* Task statement *
From the data that follows, print exactly the lines starting at the one containing "Vintage Schwarz-Weiß-Foto von" and ending at the one containing "Vangelo illuminato - popoli"; include both of them and nothing more.

* Given records *
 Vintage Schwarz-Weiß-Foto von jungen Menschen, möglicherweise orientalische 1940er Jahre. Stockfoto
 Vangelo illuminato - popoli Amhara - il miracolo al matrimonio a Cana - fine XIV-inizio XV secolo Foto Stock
---
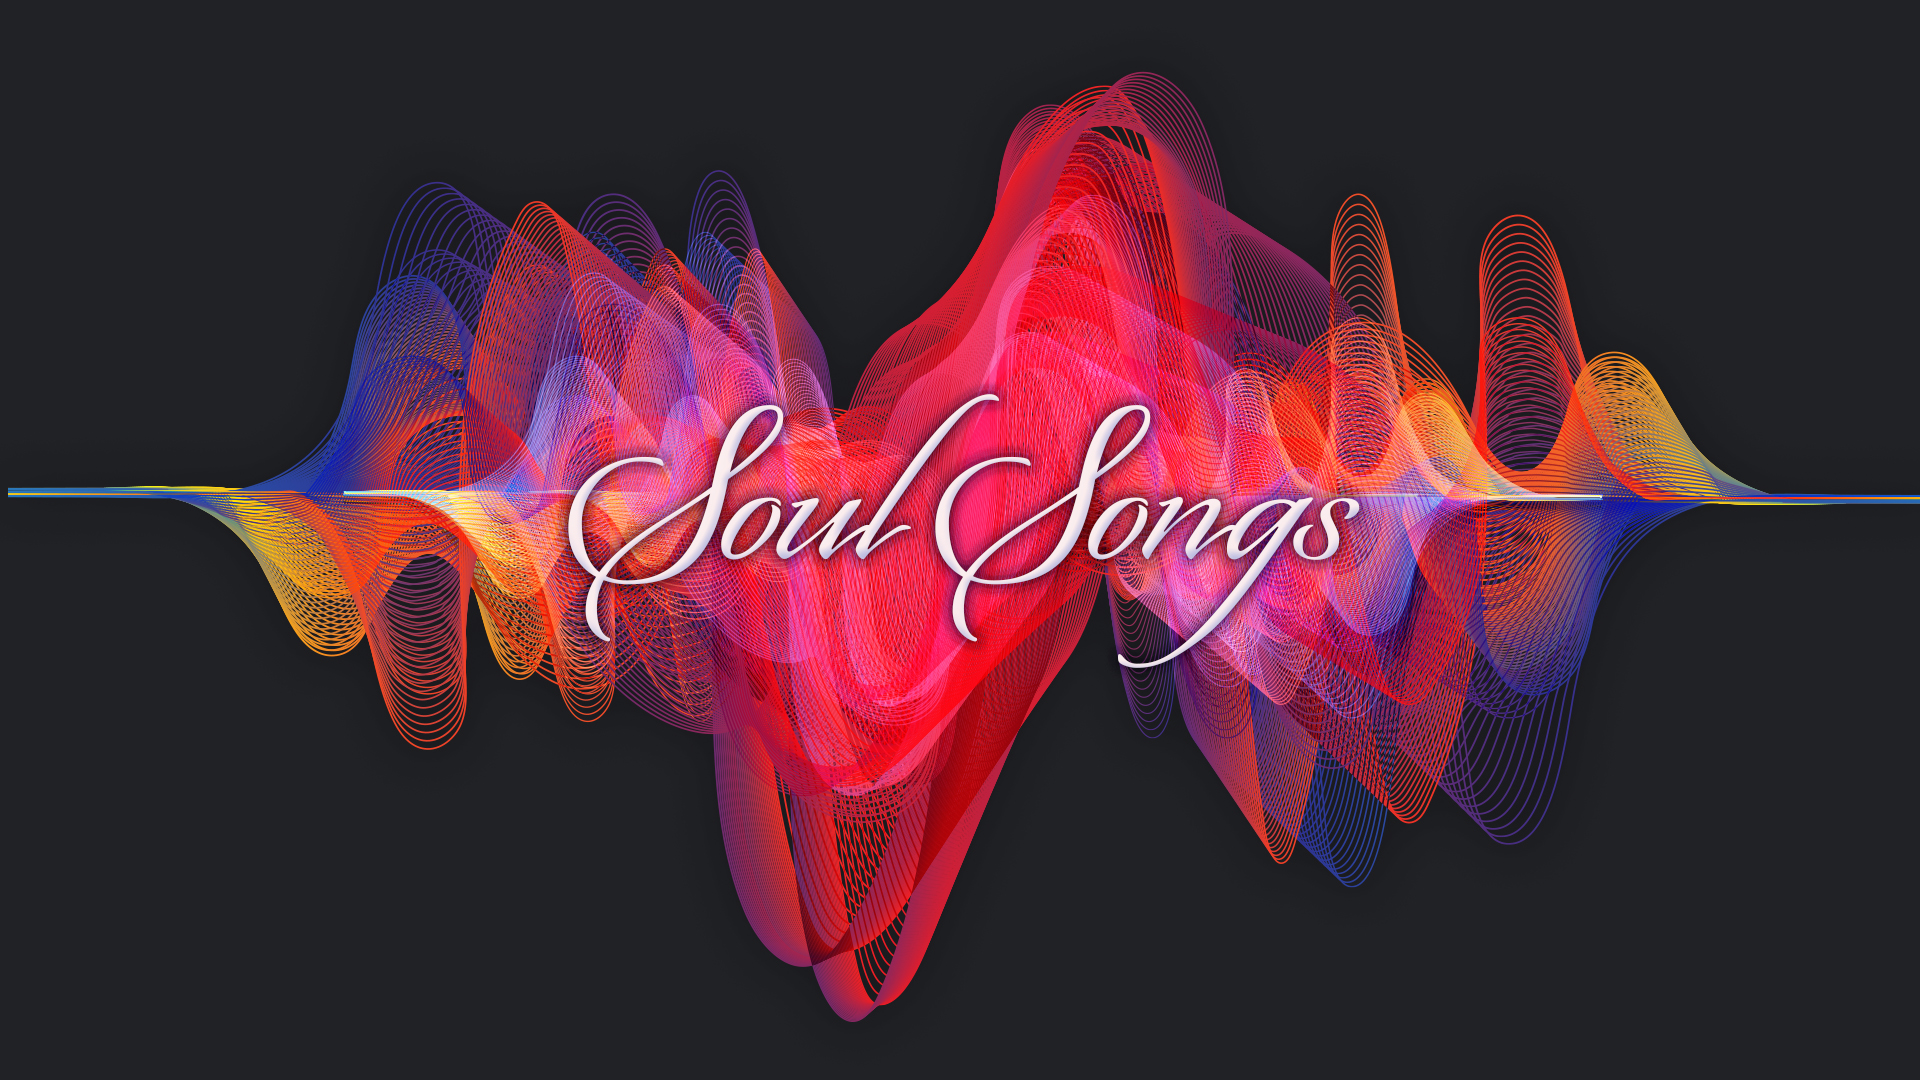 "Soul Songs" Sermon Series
...
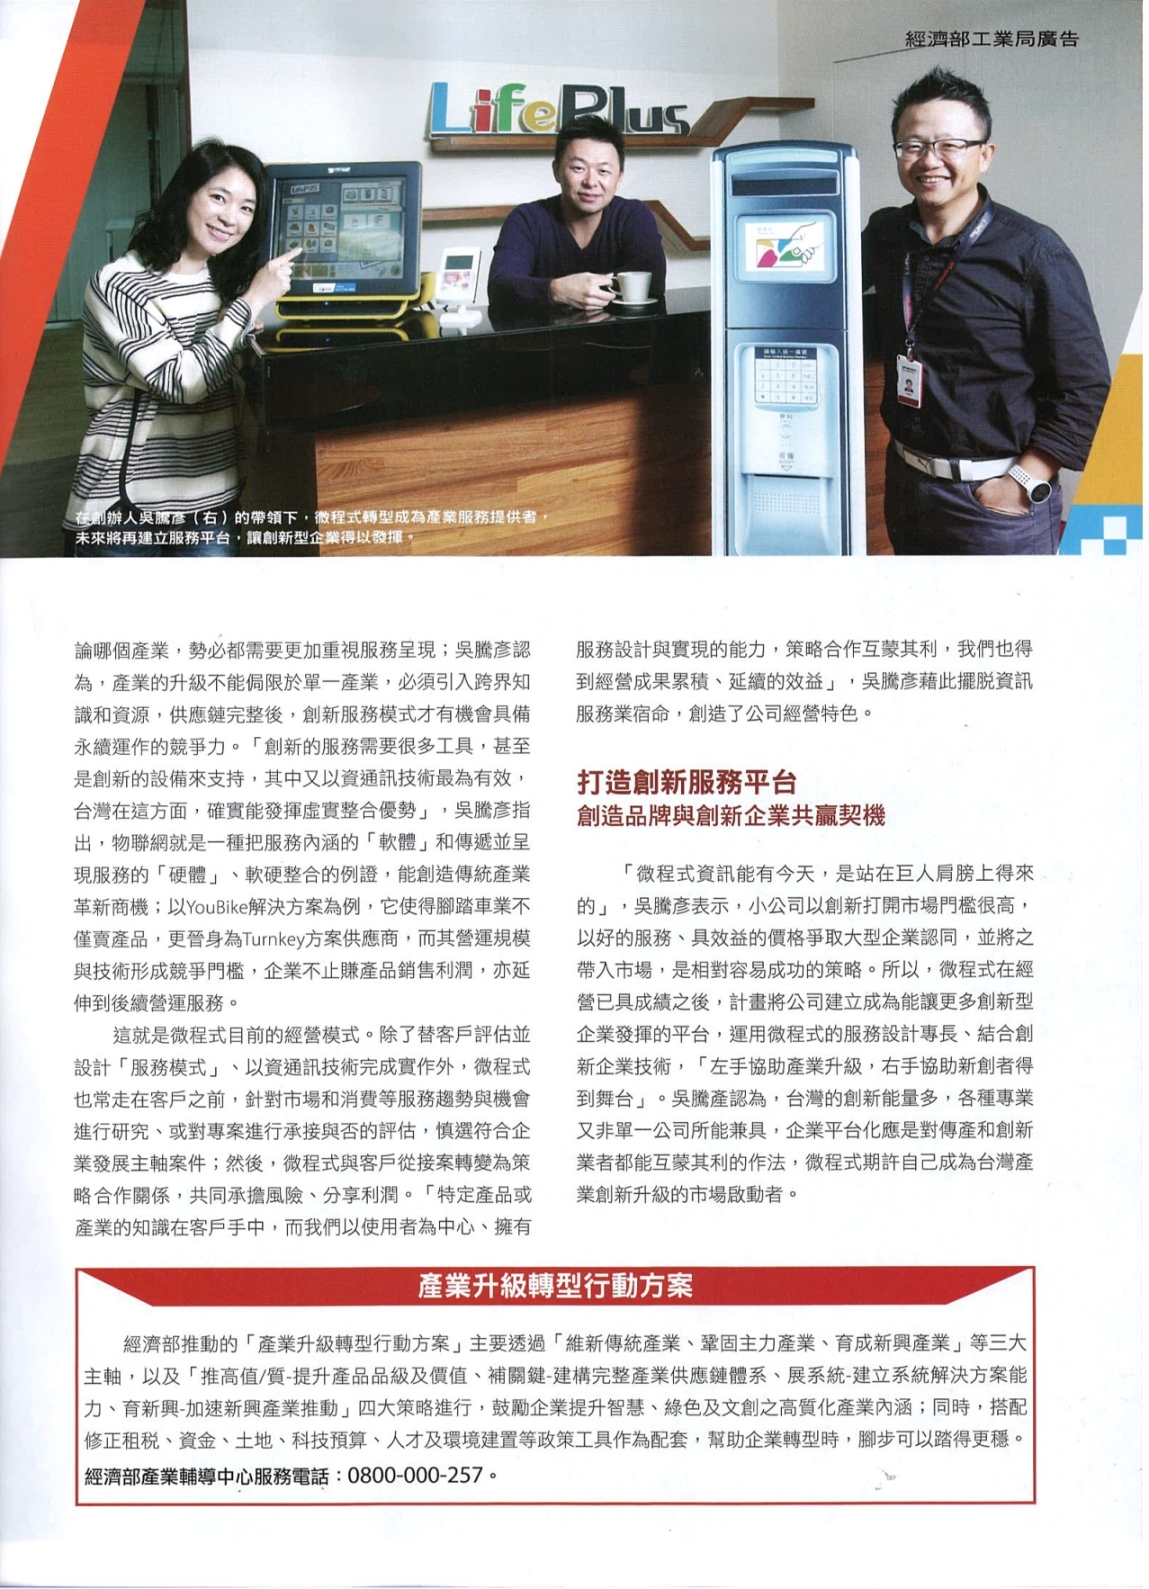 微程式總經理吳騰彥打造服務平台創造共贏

* Exercise output *
 Vintage Schwarz-Weiß-Foto von jungen Menschen, möglicherweise orientalische 1940er Jahre. Stockfoto
 Vangelo illuminato - popoli Amhara - il miracolo al matrimonio a Cana - fine XIV-inizio XV secolo Foto Stock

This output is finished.